It’s in our instinct to name things. Often, something doesn’t feel real until it has a name. But in the marketing world, this instinct often gets us into trouble. We’re tempted to name every product, every feature, every service. After all, how do we sell something without a name?
The problem is that, in marketing, names aren’t just names. Names are brands. Or at least they can turn into brands really fast. And brands need commitment and a whole phalanx of resources behind them to be successful—everything from brand guidelines to the full range of collateral to stories to campaign initiatives to all the personnel that makes all that possible.
So before you name that baby, and especially before you logo that baby, here are a few questions to ask, as well as some possible solutions to avoid black eyes from your brands.
Will It Beat Up Your Other Brand?
You’re in a company. So you have one brand automatically. But what about your product? It needs a brand, right? Maybe. But the second your offering has a brand separate from the corporate brand, you have to start juggling. What are you selling to the market, your company or the product? What story are you telling? Both? It’s possible to do. But even more possible is the risk of splitting resources, watering down market share, and sowing confusion.
A simple way to see if this works is to mock up a piece of collateral. A one sheet, say, or a small booth. Where does the corporate logo go? Where does the product logo? Do the two logos or names together make the collateral look co-branded, like the brands are partners instead of a company and a product? Are you forced to deemphasize one over the other every single time?
IBM Watson is a good case study here. You couldn’t have a stronger brand than IBM. But when they named and logo’d Watson and gave it its own story, so many resources went into the Watson brand it became stronger than the IBM brand in this case. Over the years, their collateral and message struggled with the opposition of these two brands. Even today, on the front page of the Watson site, you see offerings advertised as: “IBM Research” “Watson for Health” “Watson Assistant” “IBM Security with Watson.”
Do You Have the Resources for Multiple Brands?
The only reason IBM and Watson work at all is because IBM has large reserves of cash for both brands. The IBM brand has a century of investment, and when they started pushing Watson, they invested Bob Dylan and Stephen King levels of money into the Watson brand. And if it’s still confusing once you start getting into what IBM and Watson are actually selling, then smaller organizations have much less of a chance of successfully juggling multiple brands.
Every brand needs its own life. A new brand is never a simple add-on to the old brand. It’s double the work, double the resources. Probably more than double because in addition to pushing both brands you’re also trying to keep each brand from pushing against each other. And if both dogs are eating out of the same bowl and running around the same yard, that’s really difficult to manage.
What Does Your Future Look Like?
What does your product roadmap look like? What does your company roadmap look like? What is your story? Will that really cool product name suddenly become a problem when you have to replicate it two more times for two more products? Or when the business changes as a whole? Are you keeping one product and then just adding features and capabilities to that product? Depending on the plan, you can inadvertently back yourself into a corner just by naming something. And that means when you should be busy marketing, you’ll be busy going through the travails and possible equity loss of a rebrand.
Keeping Your Brands in the Air.
1. Unify the Company and Product Under One Name: This option isn’t for every company, but it is simple and clean. You have one brand. One story. You are what you sell. Maybe you release features for what you sell, add some capabilities, but you’re always selling the one brand.
2. Divorce the Company and Product: Go all in on two different brands by keeping them separate. There is still a resources issue here because you’re basically running two companies, and this really only works if the company and product are completely different or in different industries. Otherwise you’re possibly competing with yourself. But you can at least avoid market and customer confusion.

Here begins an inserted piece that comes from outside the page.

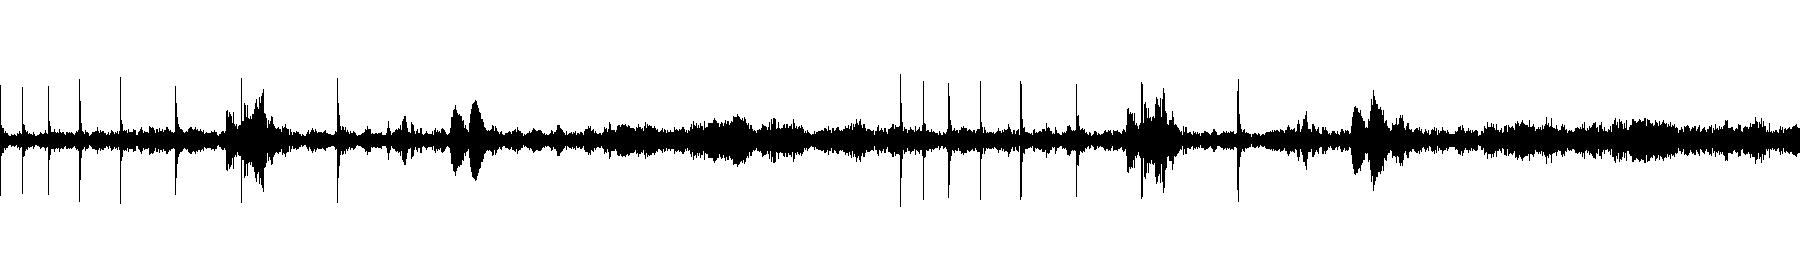 tfx texture 22
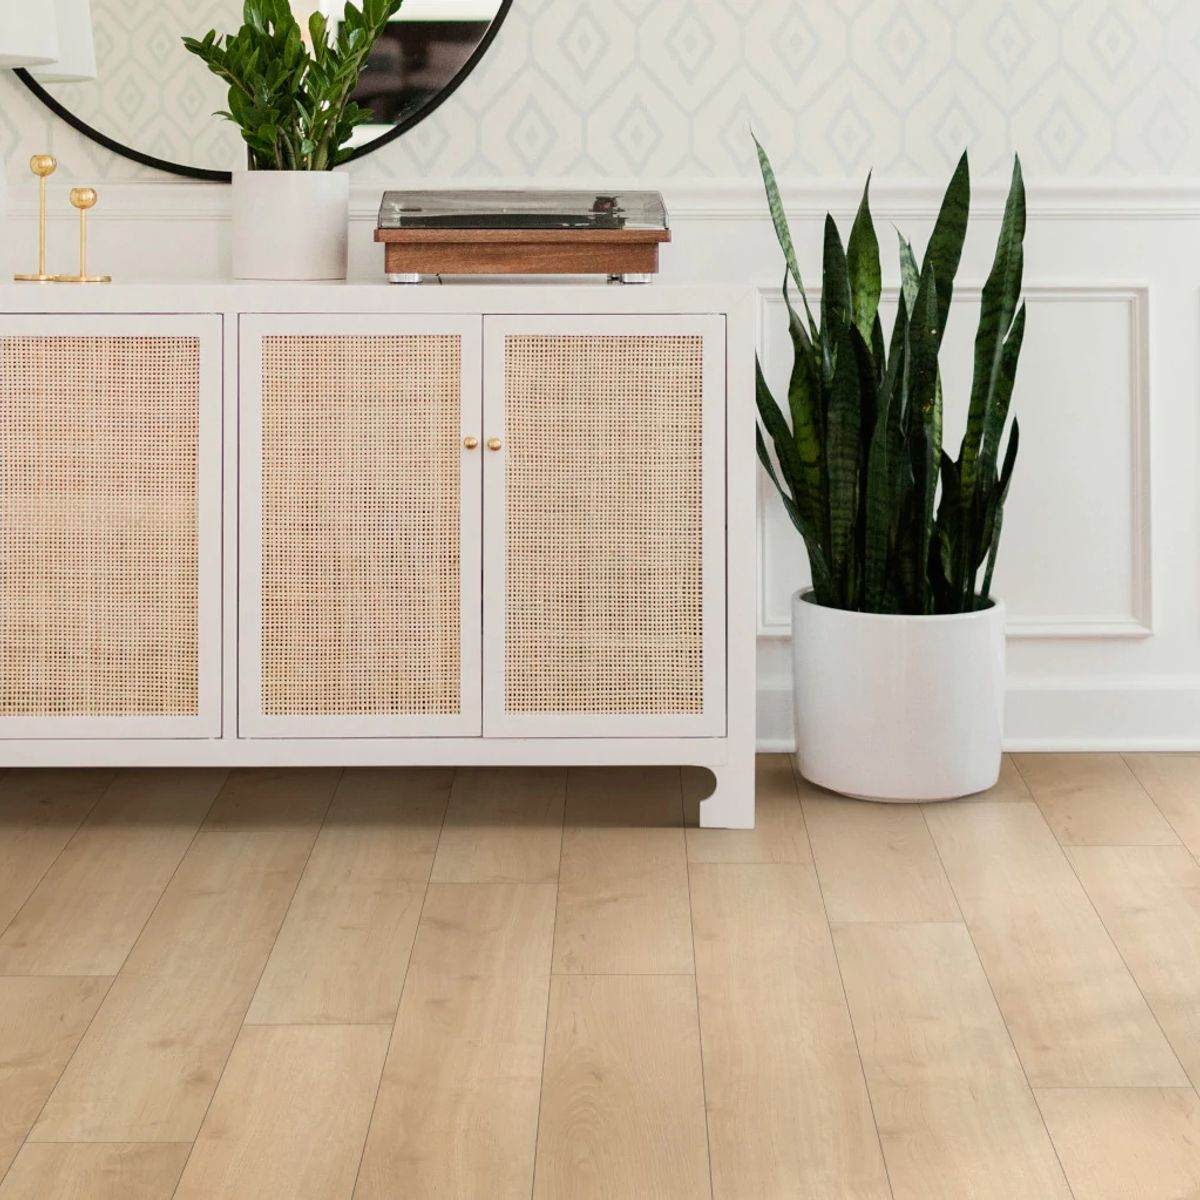 Laminate Flooring Wood Floors, Light Stone Laminate Flooring

3. Create a Hierarchy: Usually two brands are difficult and three brands are difficult, but once you get to four brands, it gets easier. Now you can create a real, nicely defined hierarchy (you can’t have a hierarchy of two, and three is a trinity). Now you have the umbrella of a corporate brand and underneath a series of equal but different sub-brands. You still need to stay vigilant to keep those brands equal and in line with the corporate brand (and to avoid sub-sub-brands), but it's more easily organized.
4. Start a Flexible Branding System: Instead of naming your first product, create a flexible branding and naming system. That way as products need names, you have a consistent taxonomy and design. You still have to get over the hump of one company brand and one to three product brands, but if that’s where your roadmap is going, follow it well.
5. Treat Things Like Things: How about not naming anything? When Apple put out its watch, they named it...watch. More importantly, they named it Apple Watch. This way, there’s no confusion about the product and every dollar of brand investment goes to the same place: Apple. If the iPhone came out today, it would be the Apple phone. Facebook adding a messaging app? Facebook Messenger. Google Maps sells Google just as much as Google Search does.
In the end, whatever path you go down with your brand slate, do it with discipline. Institute design and strategy rules. Document those rules. Follow those rules. An organized approach will go a long way to solving the challenges of brand juggling.